I look up, startled.

“We don’t rip open old wounds while everything else is unstable,” he continues. “Fire just missed this place. You’ve barely slept. Your nerves are shot.”

Wyatt nods in agreement. “Your system’s overloaded. That’s when mysteries turn into spirals.”

Marshall shrugs. “Doesn’t mean we ignore it. Just means we pick our timing.”

Wyatt adds, “And when we do look, we do it intentionally.
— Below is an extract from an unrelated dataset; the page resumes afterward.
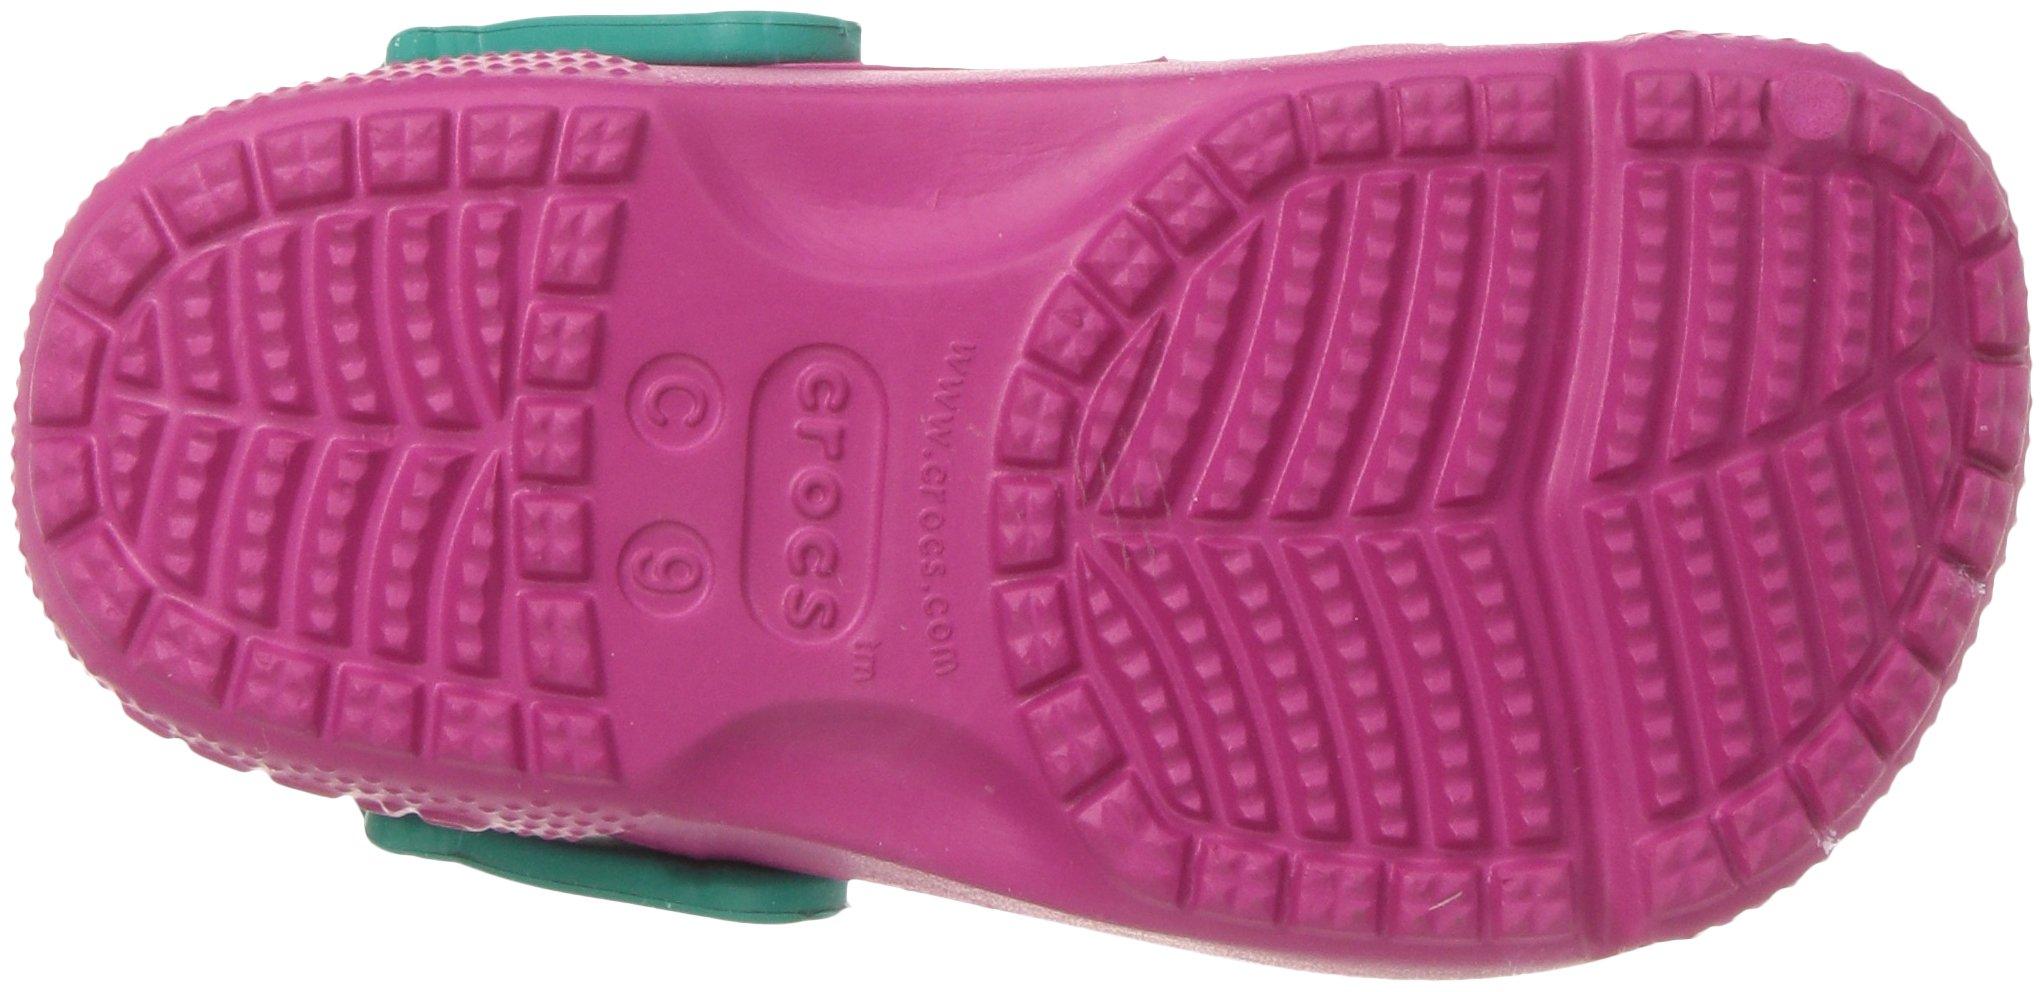 Crocs Girls' Fun Lab Frozen Clog K, Candy Pink, 10 M US Little Kid by Crocs (Image #3)

Together. With space to process whatever comes up.”

The thought of not being alone when I face whatever my grandmother left behind loosens a tightness in my chest.

Still, the frustration remains, sharp and restless. I hate not knowing. Hate feeling like my own history is sitting just out of reach, tapping on the glass.

But I hate this feeling more. The buzzing, unfocused panic that makes everything feel too loud, too close.

I push my chair back and stand. “You’re right. I can’t do this right now.”

Both of them look up at me.

“I mean it,” I say, pacing a few steps before stopping by the window. Outside, the rain has softened to a mist again, the world washed clean and raw. “If I keep pulling at this thread today, I’m going to unravel. And I don’t have time for that.”

Marshall studies me, then nods once. “So what do you need?”

The answer comes easily. Instantly. Like my body’s been waiting for permission to say it.

“My bees.”

Wyatt smiles faintly. “Of course.”

“They’ve been through enough,” I say, steadier now. “They don’t care about secrets or letters or who lied to who. They care about warmth and structure and being where they belong.”

Marshall grabs his jacket. “Then that’s the plan.”

I look between them, gratitude swelling so fast it almost hurts. “I need to get them back home. Today. Before anything else tries to pull my attention away.”

Wyatt stands, already reaching for his keys. “We’ll help.”

I nod, folding the letter carefully and slipping it back into the envelope. I set it in the kitchen drawer beneath my grandmother’s old recipe cards, where it can wait without being forgotten.

The mystery isn’t going anywhere. But neither am I.

For now, I choose the thing that’s always brought me back to myself. The steady hum, the quiet work, the certainty of living creatures who trust me to show up.

“Okay,” I say, squaring my shoulders. “Let’s bring my babies home.”